Introdução sobre os Cavaleiros Templários

No fim do século 13, restava apenas um pedacinho de terra cristã a ser


conquistada pelos muçulmanos na Terra Santa: uma fortaleza com um
punhado de Cavaleiros Templários na cidade litorânea de Acre (situada onde
atualmente é o norte do Estado de Israel). Sabendo o que iria enfrentar, apesar
de contar com milhares de soldados muçulmanos que cercavam o lugar, o
sultão Al-Sharaf preferiu oferecer um salvo-conduto para que as duas centenas
de Templários deixassem o local levando as riquezas que tinham e assim evitar
um combate com eles. O episódio não terminou bem para nenhum dos lados,
mas ilustra o temor que esses "guerreiros de Cristo" impunham em seus
adversários durante os dois séculos em que a Ordem dos Pobres Cavaleiros
de Cristo e do Templo de Salomão existiu.
A Ordem dos Cavaleiros Templários, como ficou mais conhecida, surgiu da
iniciativa de um grupo de nobres franceses no começo do século 12 de garantir
as conquistas na Terra Santa feitas pela Primeira Cruzada e de proteger os
peregrinos europeus que para lá se dirigiam. O grupo ganhou a benção de
ninguém menos do que o futuro São Bernardo - o monge e abade francês
Bernardo de Clairvaux, um dos mais influentes intelectuais da Europa na
época. Com a ajuda dele, a Ordem conseguiu o apoio oficial do papa e
privilégios especiais que a tornaram a mais importantes ordem militar a serviço
da Igreja Católica. Rapidamente, os Templários obtiveram também o apoio de
reis e da nobreza europeia que lhes fizeram doações e deixaram heranças
tornando a Ordem rica e poderosa, o que a levaria a funcionar como uma
espécie de banco internacional.

A Ordem dos Templários acabou perseguida e extinta há sete séculos, pela


própria Igreja que a apoiou e deu-lhe poder. Mesmo assim, não param de
surgir narrativas lendárias sobre seus feitos. Na imaginação de muitas pessoas
as aventuras dos Templários envolveram a busca do Santo Graal, a guarda da
Arca da Aliança e a descoberta de supostos segredos do Templo de Salomão
que possibilitariam uma comunicação com Deus, entre outras coisas místicas.
Muitas dessas lendas nasceram a partir da mistura de fatos históricos, crenças
religiosas e, principalmente, de suposições alimentadas pelos mistérios que
envolviam o funcionamento da Ordem.

Lendas à parte, uma das evidências sobre os Templários, confirmada por


historiadores, é a bravura e o fanatismo religioso que eles demonstravam. Isso
os levou a cometer verdadeiras batalhas suicidas crentes de que sempre
tinham Deus ao seu lado.
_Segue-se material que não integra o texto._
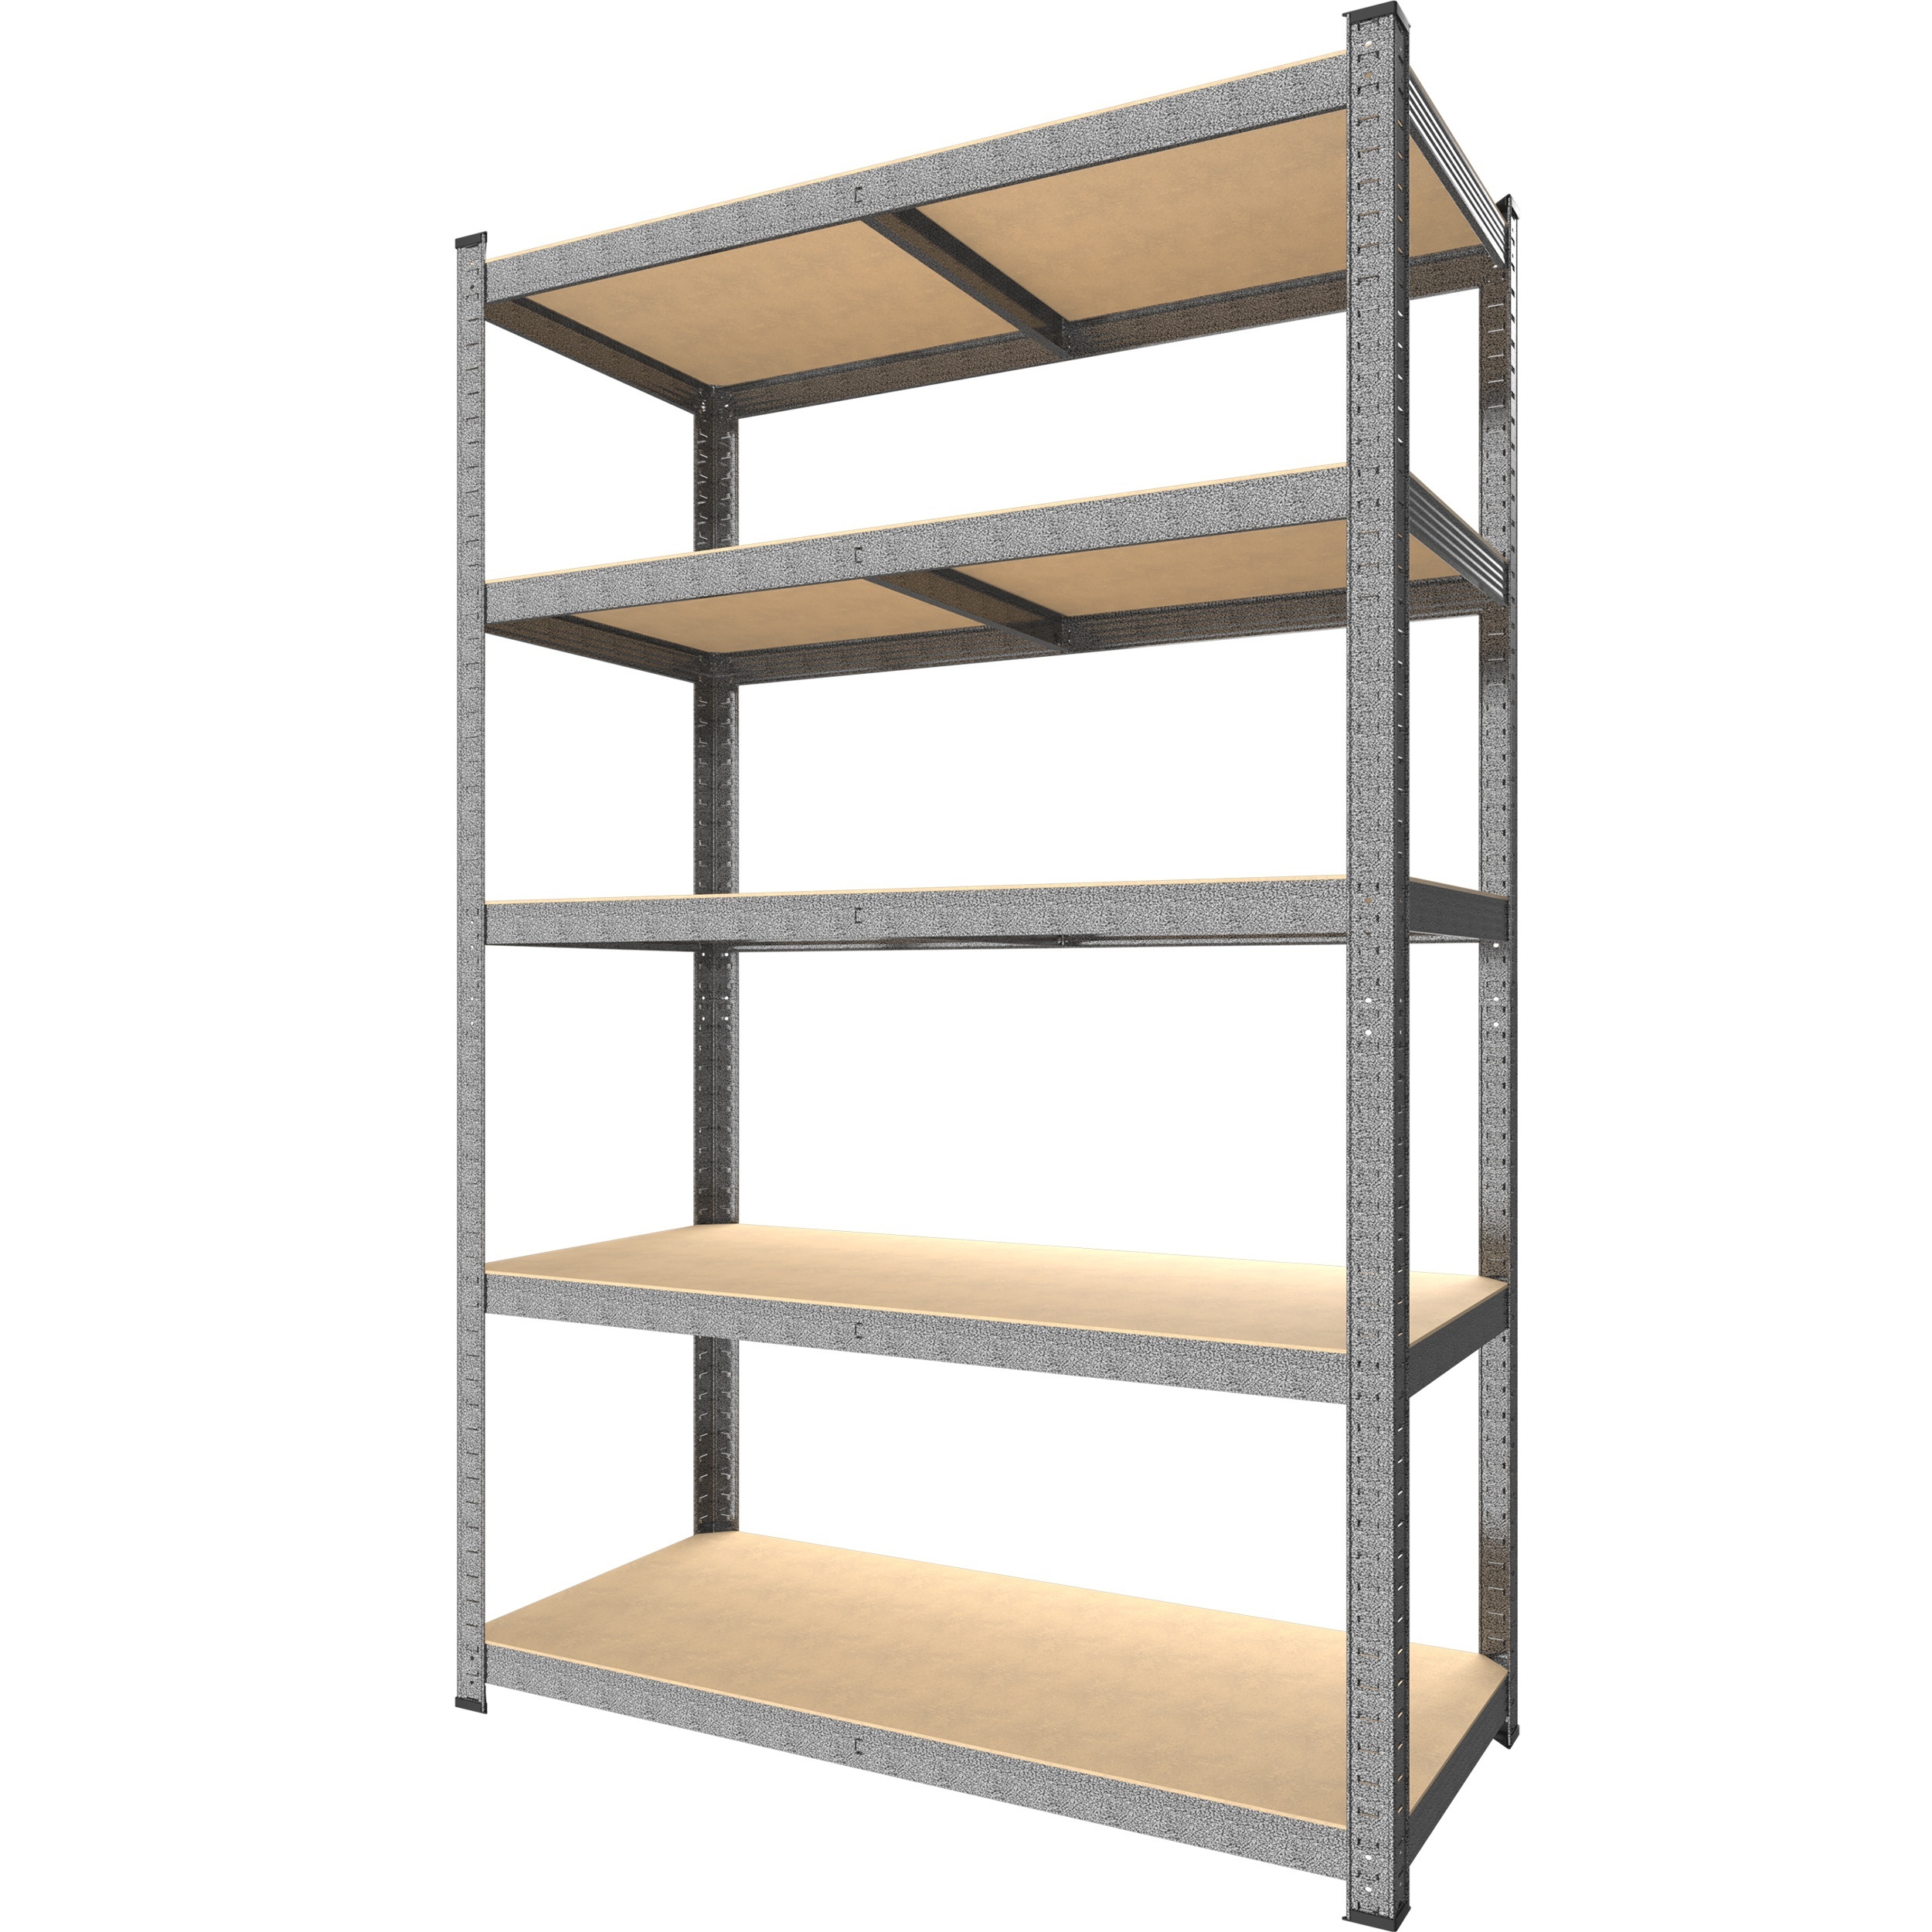 

1pc, 28" W X 12" D X 59" H Garage Storage Shelves, 5 Tier Adjustable Storage Shelving Unit, Utility Standing Shelf Rack Organizer For Warehouse Kitchen Pantry Closet Basement, Silver Grey

Além disso, eles tinham permissão divina para matar
os "infiéis" conforme atestou Bernardo de Clairvaux no "Livro dos Soldados do
Templo". Segundo o futuro santo, nesses casos os Templários não estariam
desrespeitando os Dez Mandamentos, afinal não matariam homens e sim a
encarnação do "mal": “o soldado de Cristo é o instrumento de Deus para a
punição dos malfeitores e para a defesa dos justos. Na verdade, quando ele
mata malfeitores, não se trata de homicídio, mas de malicídio”.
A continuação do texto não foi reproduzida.